The sponsor must ensure the following:
- IP product quality and stability over the period of use
- IP manufactured according to any applicable Good Manufacturing Practices (GMPs)
- Proper coding, packaging and labeling of the IP(s)
- Records maintained for document shipment, receipt, disposition, return, and destruction of the IP(s)
- Acceptable storage temperatures, conditions, and times for the IP
- Timely delivery of the IP(s)
- Written procedures including instructions for handling and storage of the IP(s), adequate and safe receipt of the IP(s), dispensing of the IP(s), retrieval of unused IP(s), return of unused IP(s) to the sponsor, and disposal of unused IP(s) by the sponsor
- Maintain sufficient quantities of the IP(s) to reconfirm specifications, should this become necessary
Record Requirements
Per MLI-7, the sponsor should comply with the following records requirements:
- Maintain records that document shipment, receipt, disposition, return, and destruction of the IP(s)
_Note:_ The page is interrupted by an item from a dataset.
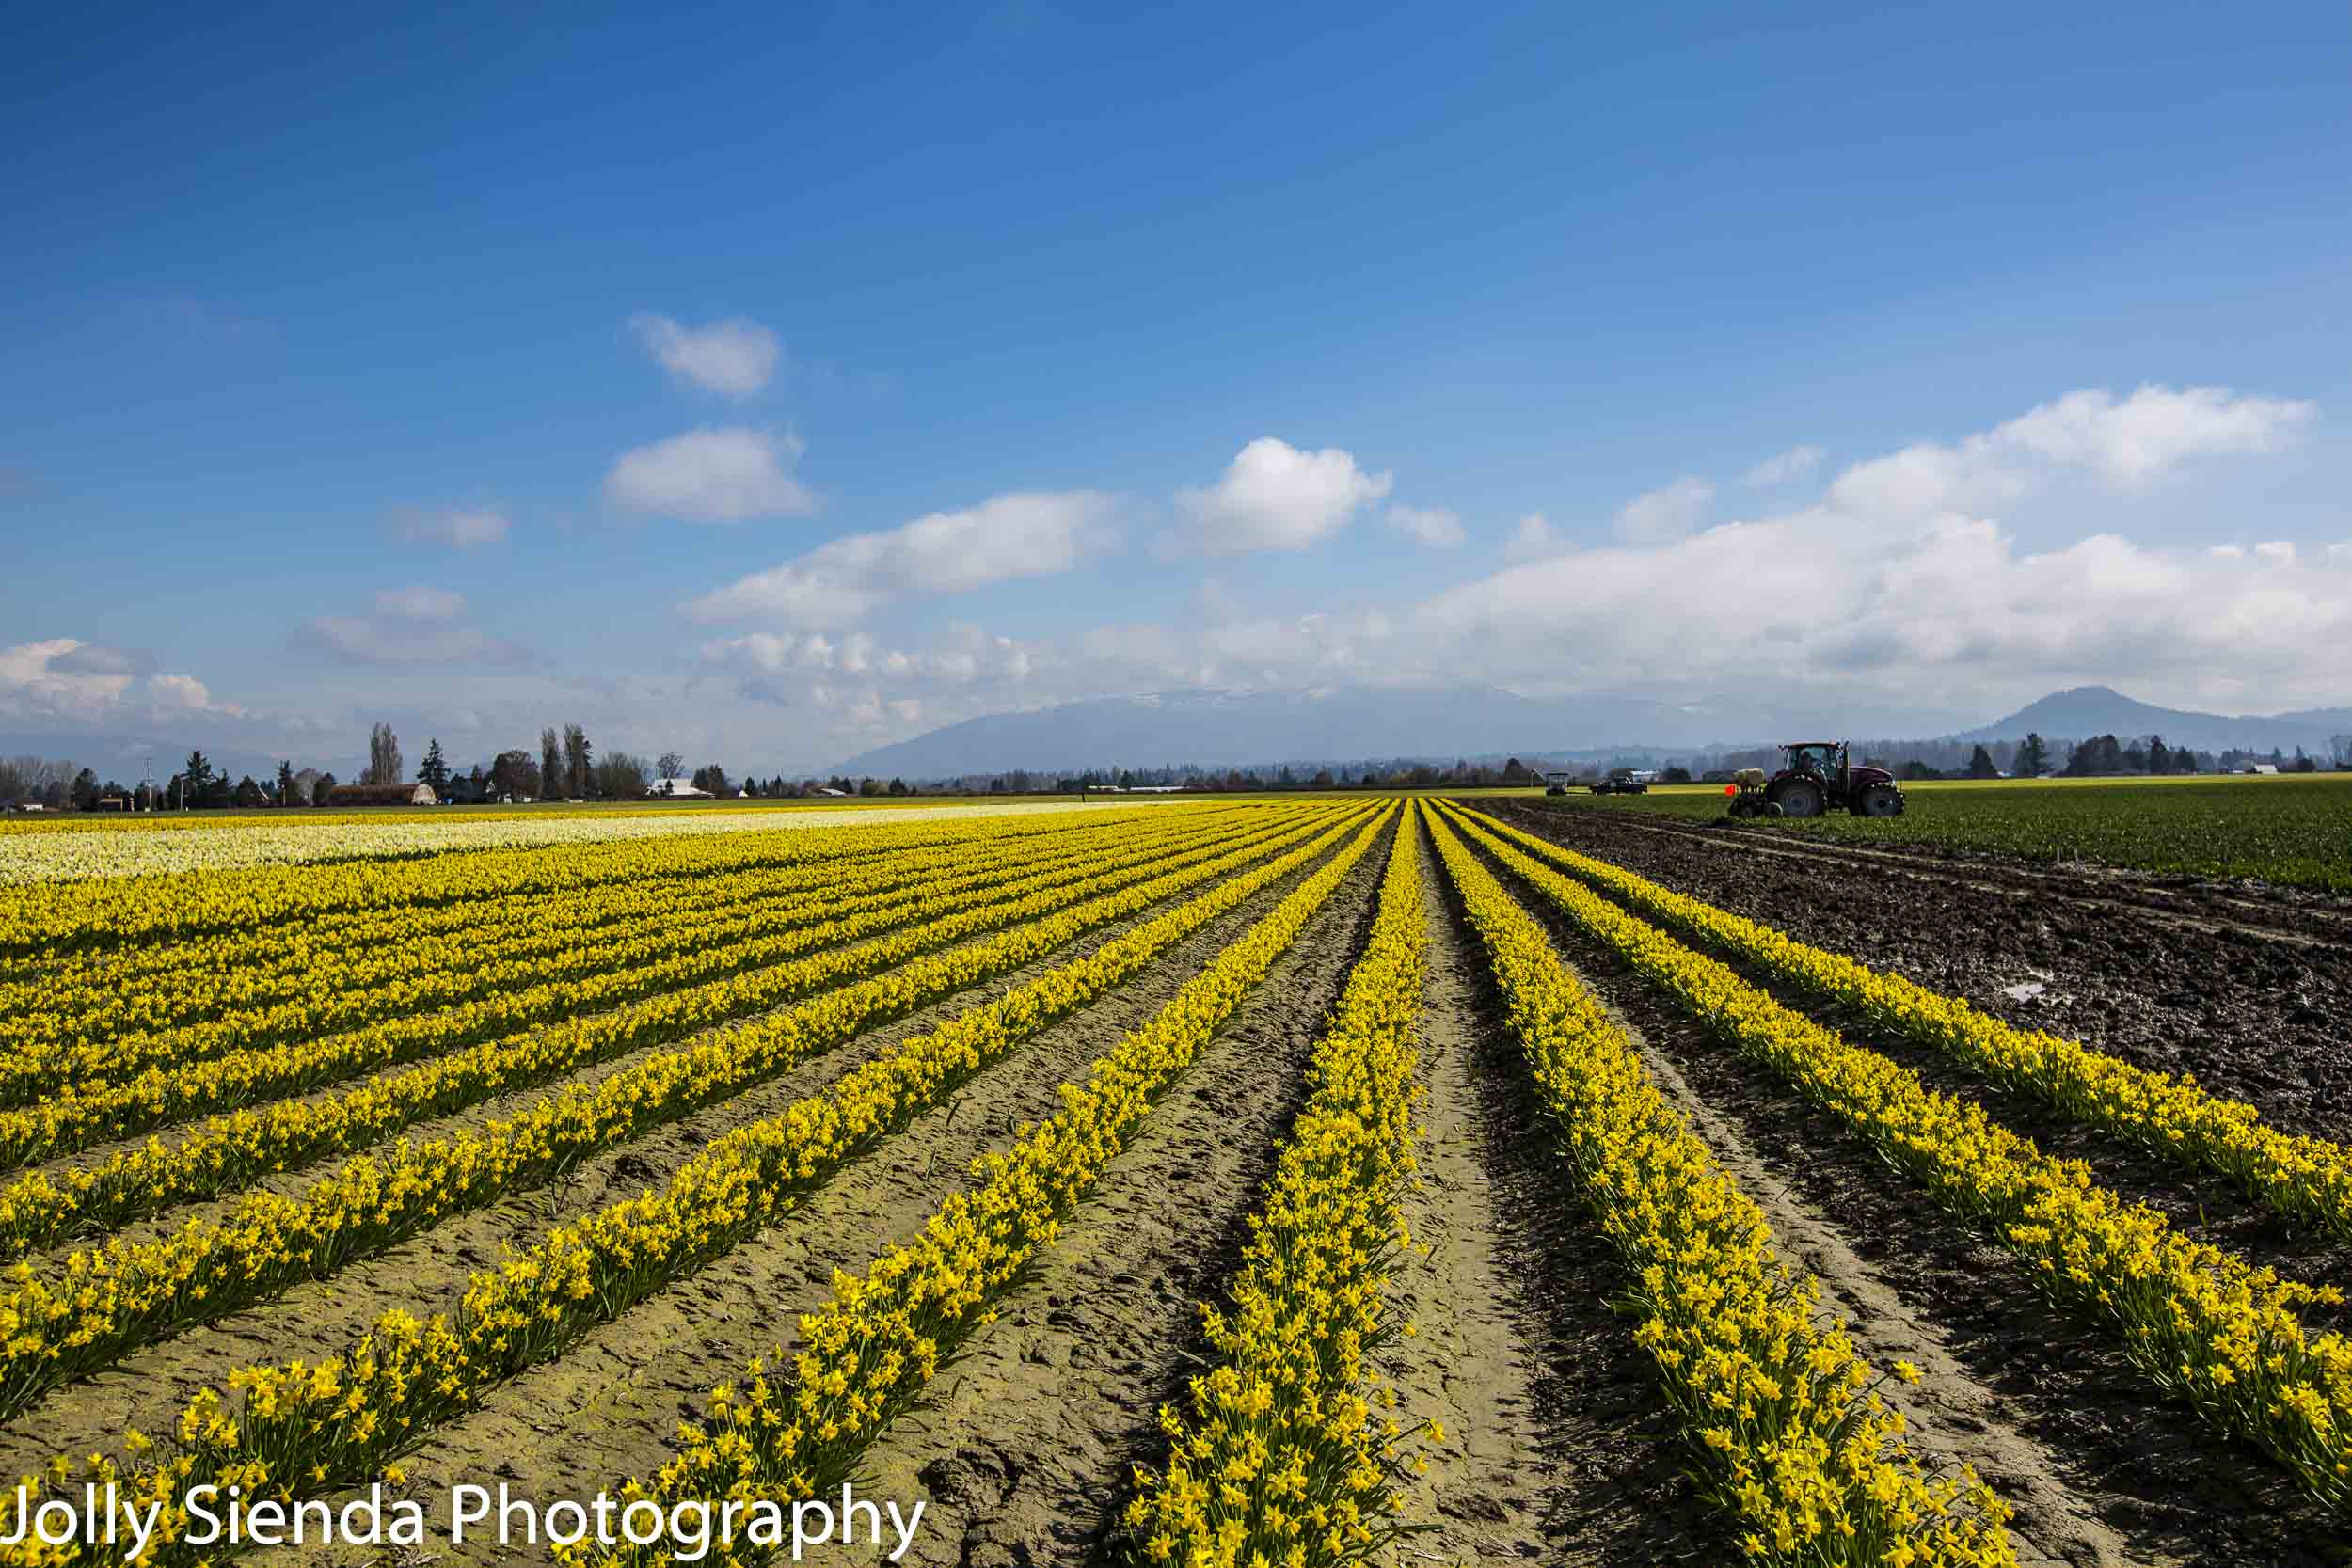 Long rows of daffodils in a field and tractors

- Maintain a system for retrieving IPs and documenting this retrieval (e.g., for deficient product recall, reclaim after trial completion, and expired product recovery)
- Maintain a system for the disposition of unused IP(s) and for the documentation of this disposition
No information is currently available regarding the definition of specimen.
No information is currently available regarding specimen import and export.
Per DecreeNo2017-0245, during the informed consent process, the participant must be informed that withdrawal is possible at any time, and that the withdrawal of the participant’s data and biological material may also be requested.